A bushing is an insulated device usually made from porcelain (although other materials are becoming more popular). Bushings are used extensively in the electrical industry to allow an electrical conductor to pass safely through a grounded conducting barrier—basically through transformers or circuit breakers.

As such, it’s highly important to test your bushings regularly to ensure they are still able to perform according to specified requirements.

But first…

What types of bushings are there?

To be honest, there are quite a lot. Here are the main ones:

First, there’s the Composite Bushing. This is a bushing in which the insulation is made from two or more layers of different insulating materials.

Next, there’s the Compound-filled Bushing. As the name suggests, this bushing fills in the space between the major insulation and the inside surface of a protective weather casing (in most cases—porcelain).

There’s also the Condenser Bushing. These are made by arranging cylindrical conducting layers within the insulating material. The key defining factor in condenser bushing is their ability to control the distribution of the electric field.

Dry or Unfilled Type Bushings are for lower voltages (under 25kV) and are basically just a porcelain tube with no filler in the space between the shell and the conductor.

Oil-filled Bushings are very similar to compound-filled bushings. The main difference being that the ‘filling’ material, in this case, is an insulating oil.

Oil-immersed Bushings, as you might have guessed, involved completely immersing the major insulations in a bath of insulating oil.

And, finally, Solid (ceramic) Bushings are made by using a ceramic or similar material as the major insulation.

How often should bushings be checked and tested?

As a general rule of thumb, you don’t want your bushings to go more than five years without a thorough inspection. Most businesses check, test, and assess every three years. It’s also vital that inspections for all bushings over 115kV include power-factor tests.

Obviously, even lower-voltage bushings should be tested if there are any indications of deterioration. If there are signs that the materials or bushings are degrading, you should increase the test frequency to 6 months, rather than waiting for 3-5 years.

It goes without saying that anything that looks dangerous should be removed and replaced.

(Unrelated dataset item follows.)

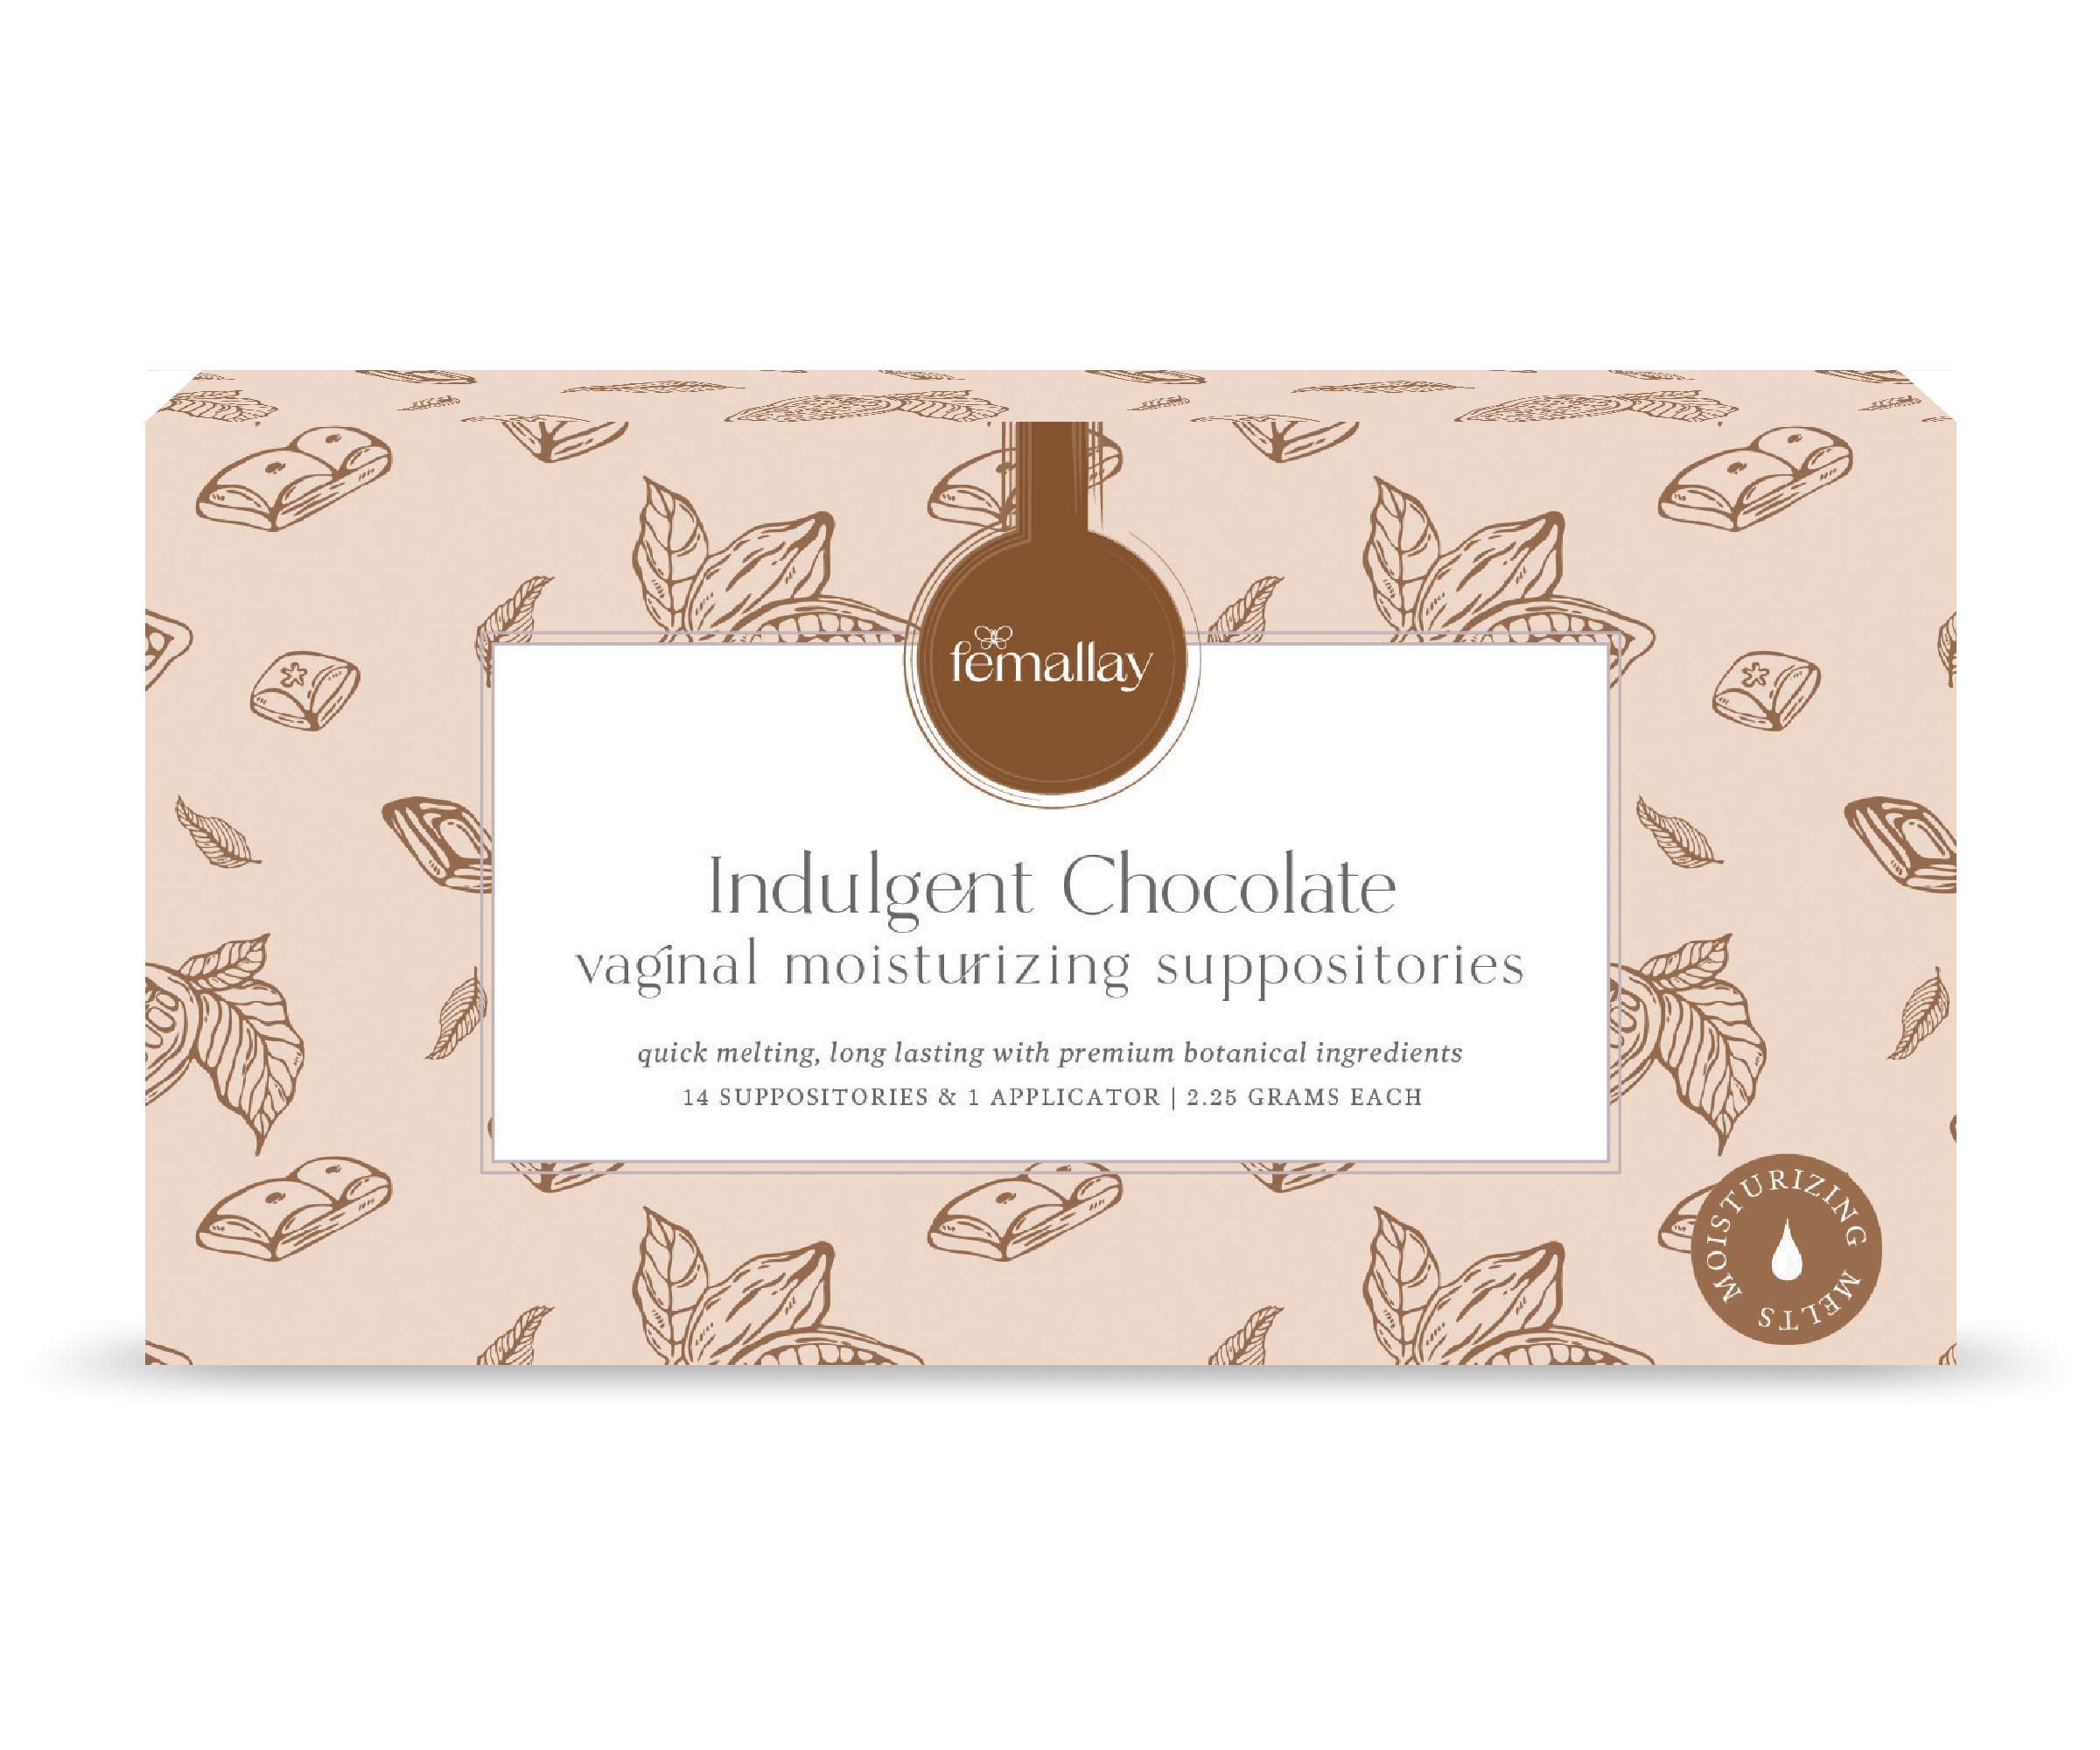 Femallay Organic Indulgent Chocolate Vaginal Moisturizing Suppository Melts – 14 Individually Sealed Suppositories + 1 applicator

Specifically, when checking the bushings, you should check for:

1. Tight terminal caps and connectors—make sure these are tight and have good contact
2. Proper grounding for the bushings and correct gasketing so moisture can’t get in
3. Crumbling, chipped, or cracked cement
4. Any deterioration, looseness, or leaking of the gaskets
5. Any cracks or breaks in the metal pads such as clamping rings and washers
6. Any cracks or leaks in the solder seals

On top of that, you should also make more detailed, annual, visual inspections with binoculars on the oil level (if the type of bushing uses oil) and the porcelain. Make sure that the porcelain is free of chips, cracks, or contamination, which can seriously compromise its insulating properties.

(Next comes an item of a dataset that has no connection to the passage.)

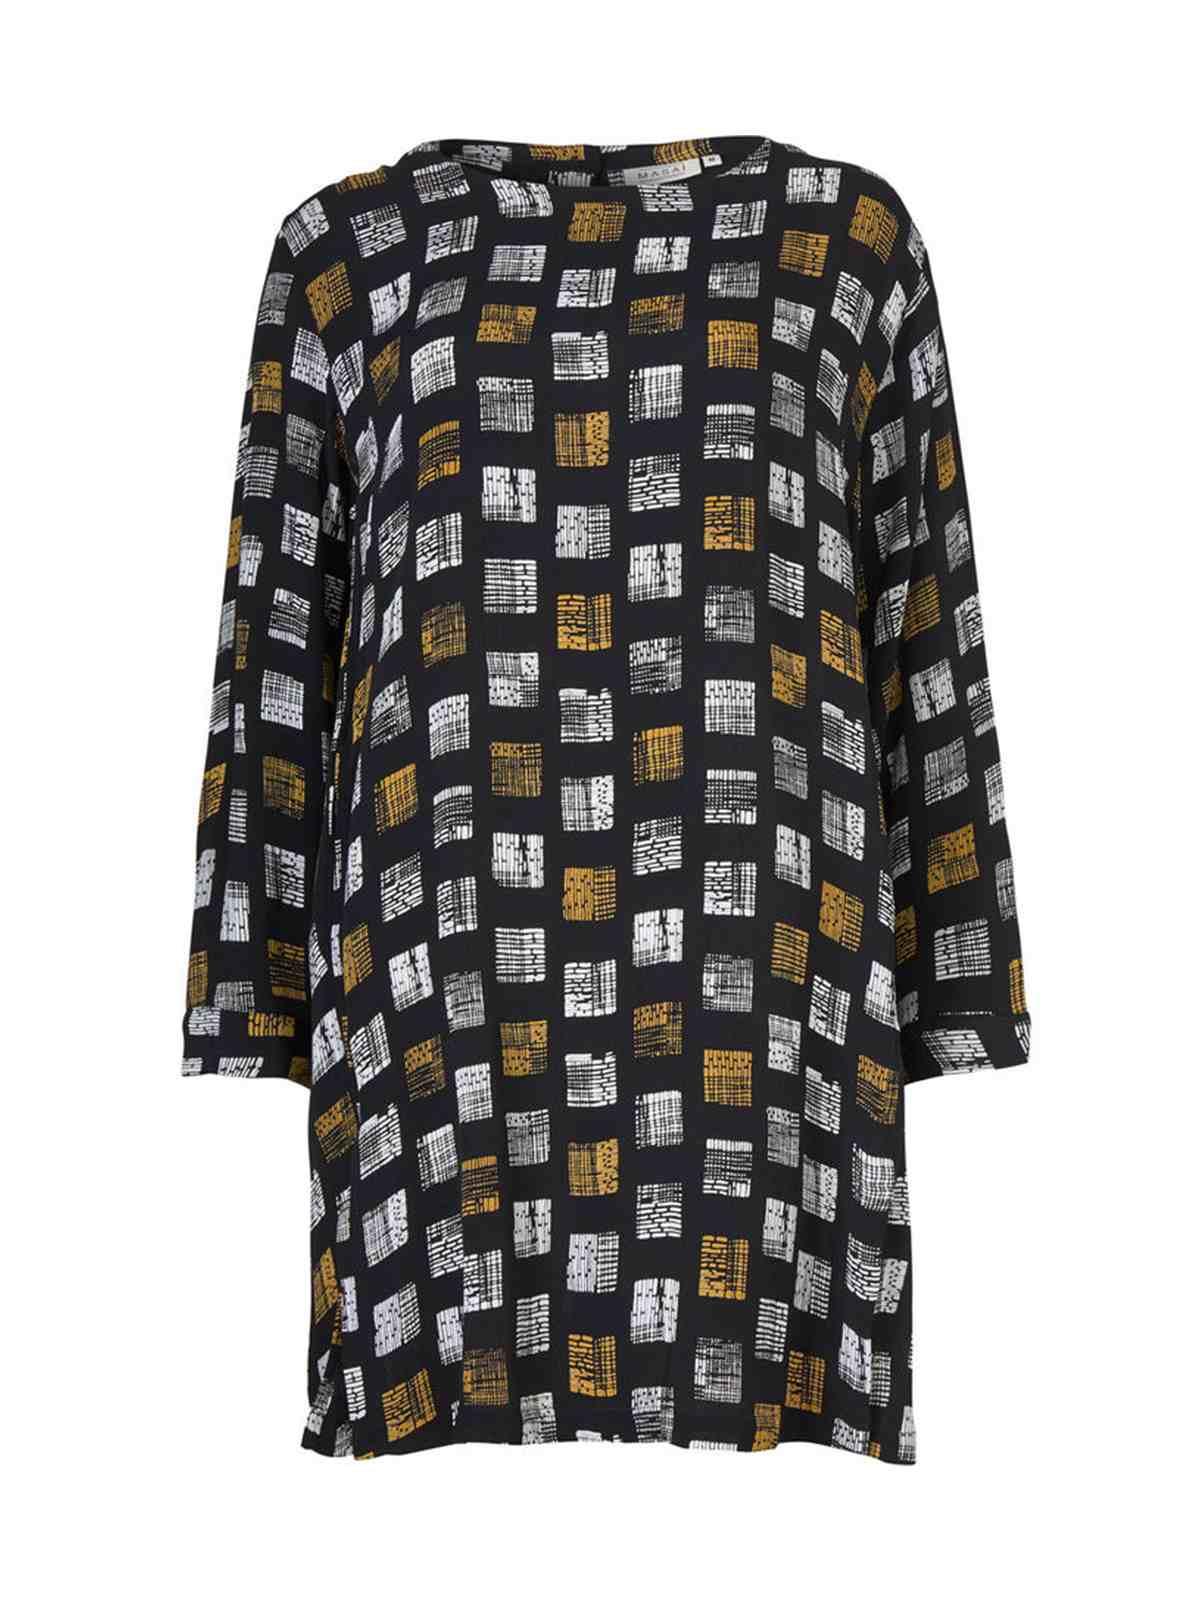 3de6792921286 Goa Tunic - Katie Kerr - Women's Clothing - UK

What kind of maintenance checks are required/recommended?

There are 4 basic tests that need to be performed on bushings to ensure they can perform without causing issues owing to failure.

1. Power-factor Test

This is the most important and thorough test that is performed on bushings. The reason it is so useful is that it is the most effective field test you can use to detect any bushing contamination or deterioration. It also allows you to detect such issues very early.

In addition, the test provides an accurate measure of the AC test current, which is directly proportional to the bushing capacitance, which is obviously useful to know.

Depending on what type of bushing you are testing, there are a range of options for how to test: the grounded specimen test, the hot-guard test, the ungrounded-specimen test, and the hot-collar test. Each of these methods has advantages and disadvantages over the other methods, and you should select which one based on the particular circumstances you are faced with.

2. The Radio Influence Test (RIV) test.

This test is designed to detect any corona in resin-bonded, solid-core non-condenser bushings. If your bushing is liquid-filled (such as an oil-filled bushing), you would normally expect a very low RIV value. A high RIV value may indicate that the filling liquid is at an insufficient level, especially if you can’t reduce the RIV value simply by cleaning the porcelain.

3. The DC Insulation Resistance Test

This is a much less used test because it usually does not detect any issues until they are at an advanced stage. By the time a DC insulation resistance test indicates there may be a problem, it will require immediate attention.

4. Hot-wire test for moisture

Any moisture can seriously compromise your bushing’s ability to insulate and, therefore, any potential leakages need to be tested for. You can do this by inserting a red-hot rod into the compound and listening for a crackling or hissing sound. If there is no moisture, the compound will simply melt and you have nothing to worry about.